В коридорах больницы целые команды уборщиц усиленно работают, очищая помещение от налетевшей за ночь пыли, которая привела в негодность даже технически совершенные аппараты, фильтрующие поступающий в здание воздух. Уборщицы пустили в ход волосяные щетки и сбрызгивают пыль какой-то зеленоватой жидкостью, чтобы размочить ее. Я вспоминаю, как орудовала в Африке метелкой из прутьев. Пол все равно не станет идеально чистым, но если не выметать в сезон харматтана эту пыль ежедневно, не успеешь оглянуться, как слой ее дойдет тебе до щиколоток.
* * *
В Африку мы попали благодаря Лу Нирингу и капитану Динвидди. Зимой, предшествующей нашему отъезду, Лу приехал в город на совещание в Американском антропологическом обществе и привез с собой жену. Он позвонил Уитту, и мы пригласили их на обед у Балтазара, чтобы показать, что дружба продолжается; Лу, как я полагаю, хотел показать нам свою жену, а жене, в свою очередь, продемонстрировать меня, бывшую любовницу. Уитт, как всегда, пустил в ход все свое обаяние и очаровал Нирингов до чрезвычайности, так что обед имел все возможности пройти великолепно. Ниринги собирались посмотреть «Месяц из истории белых», а за десертом Лу сказал мне, что буквально накануне говорил обо мне с Десмондом Гриром, который как раз в это время работал над архивами йоруба в Чикаго. Грир вроде бы должен получить грант для поездки в Йорубаленд, где, в числе прочего, он намеревался проследить происхождение и ареал распространения магии йоруба, и Лу в разговоре об этом упомянул мое имя. Грир, которого я немного знала, был одним из немногих поклонников Марселя, оставшихся в Американской академии, уважавших его, разумеется не за его безумные фантазии, а за серьезные научные труды в области этнографии. По словам Лу, Грира заинтересовала возможность моего участия в экспедиции, особенно если я возьму на себя собственные расходы. Я сказала, что ничего не знаю об Африке. Лу заверил меня, что Гриру это не важно, главное для него — использование методов Вьершо в поисках происхождения и развития традиции, ему необходим человек, обладающий искусством добираться до внутренней сути дела и определять, какое влияние имеет традиционная магия на людей, по отношению к которым она применяется. Славный старина Лу! Он всегда считал, что я лучше, чем сама о себе думаю, и постоянно уговаривал меня не бросать полевые исследования.

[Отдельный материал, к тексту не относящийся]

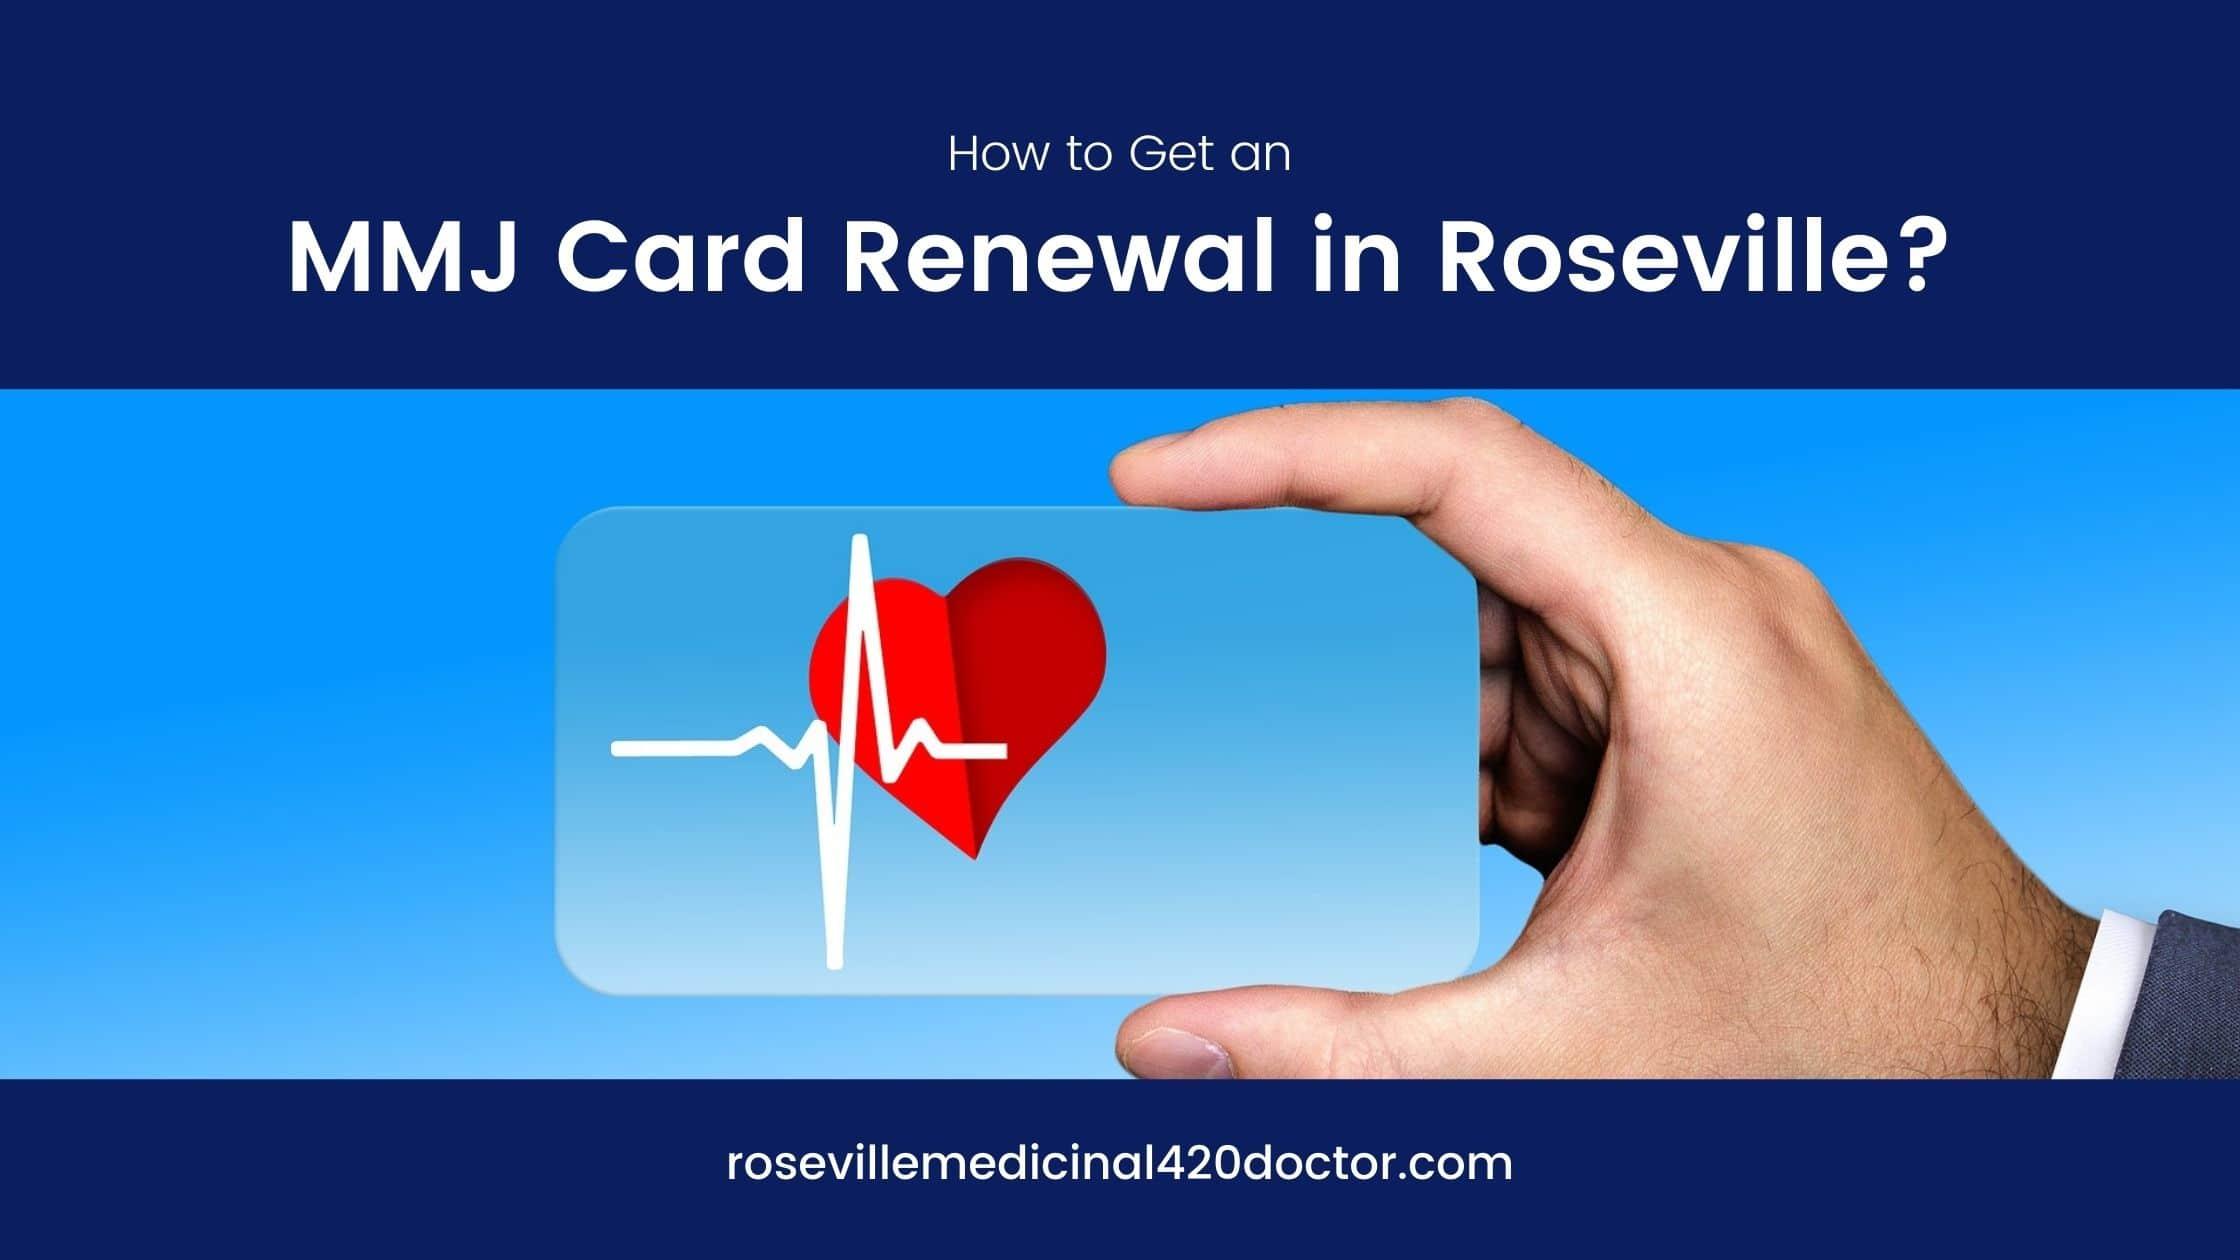 MMJ Card Renewal

— Господи, Лу, целый год в Африке? — сказала я. — Право, не знаю. Я ведь очень отстала. И даже не представляю, что там за языки…

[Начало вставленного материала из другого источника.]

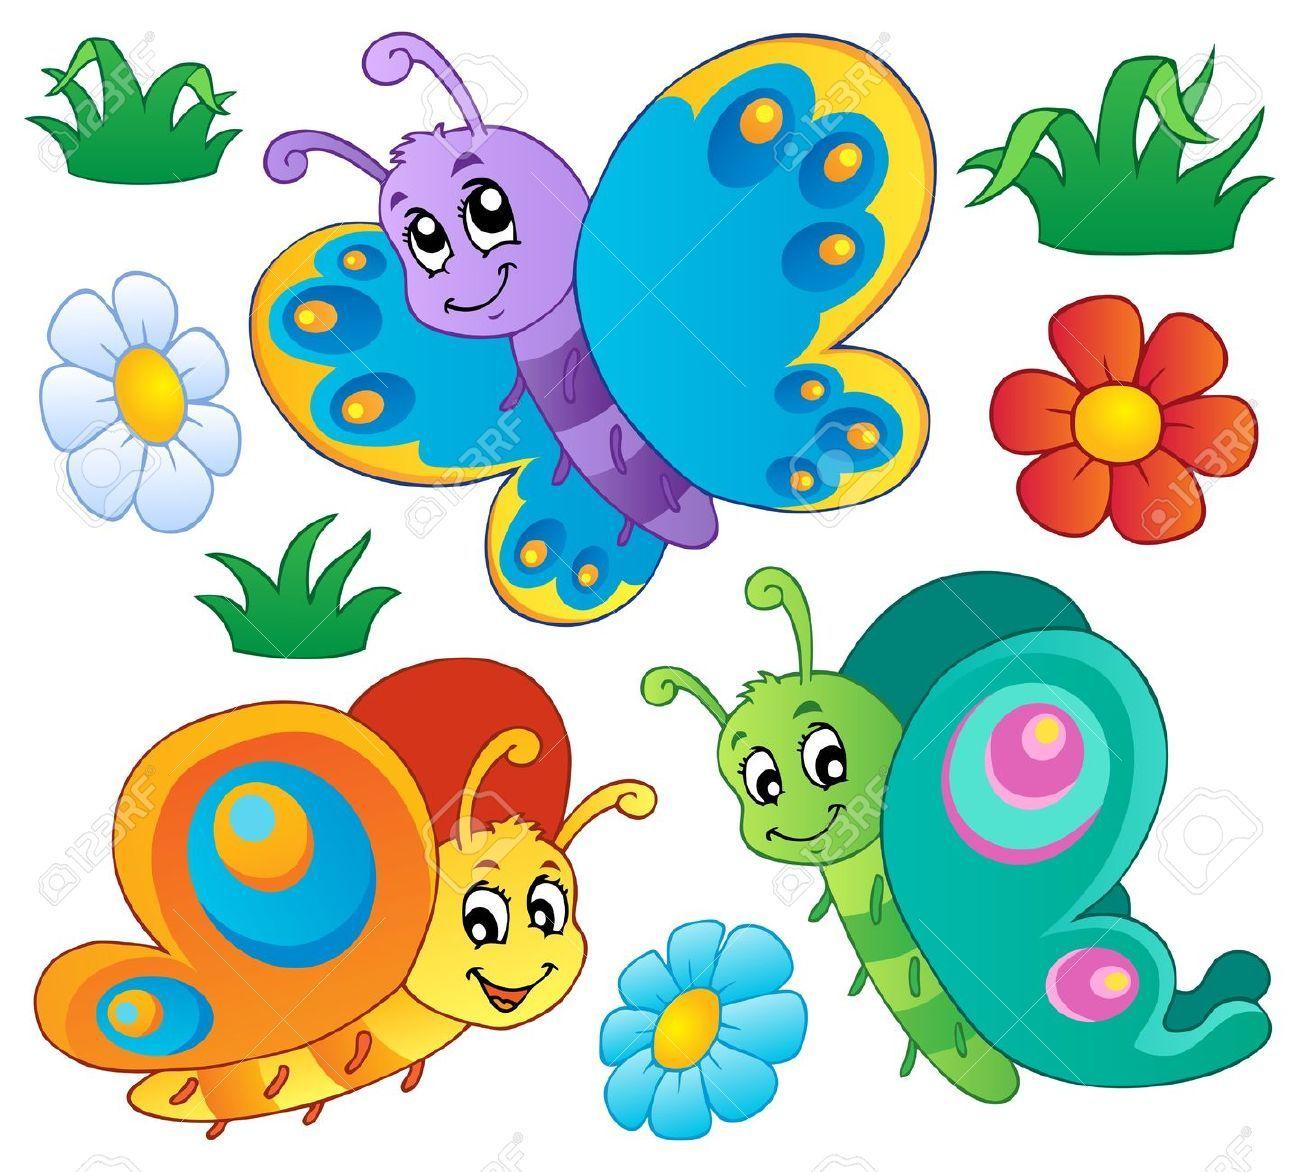 2 clipart butterfly. Butterflies clip art vergilis

— Брось, Джейни, у тебя впереди девять месяцев, ты успеешь подготовиться. Уедешь ведь не раньше сентября.
В наш разговор вмешался Уитт:
— Африка? Слушай, Джейн, давай поедем! Мне, во всяком случае, надо бы съездить туда из-за капитана, вот и двинемся вместе. Это просто блеск!
Синди спросила, кто такой капитан, но Уитт, по своему обыкновению, отделался каким-то неопределенным ответом.
После этого вечера он не отставал от меня, убеждая, что ехать надо только вместе. И чем дольше я его слушала, тем более резонными казались мне его доводы. В конце концов я позвонила Гриру, отправилась самолетом в Чикаго, и мы познакомились. Он показал мне архив йоруба, над которым продолжал работать, и выразил надежду, что подбираемая им группа пополнится таким ценным участником, как я. Когда я сообщила о желании своего мужа присоединиться к нам, Грир сказал, что очень ценит его творчество, рад будет лично познакомиться с Уиттом и принять его в состав экспедиции.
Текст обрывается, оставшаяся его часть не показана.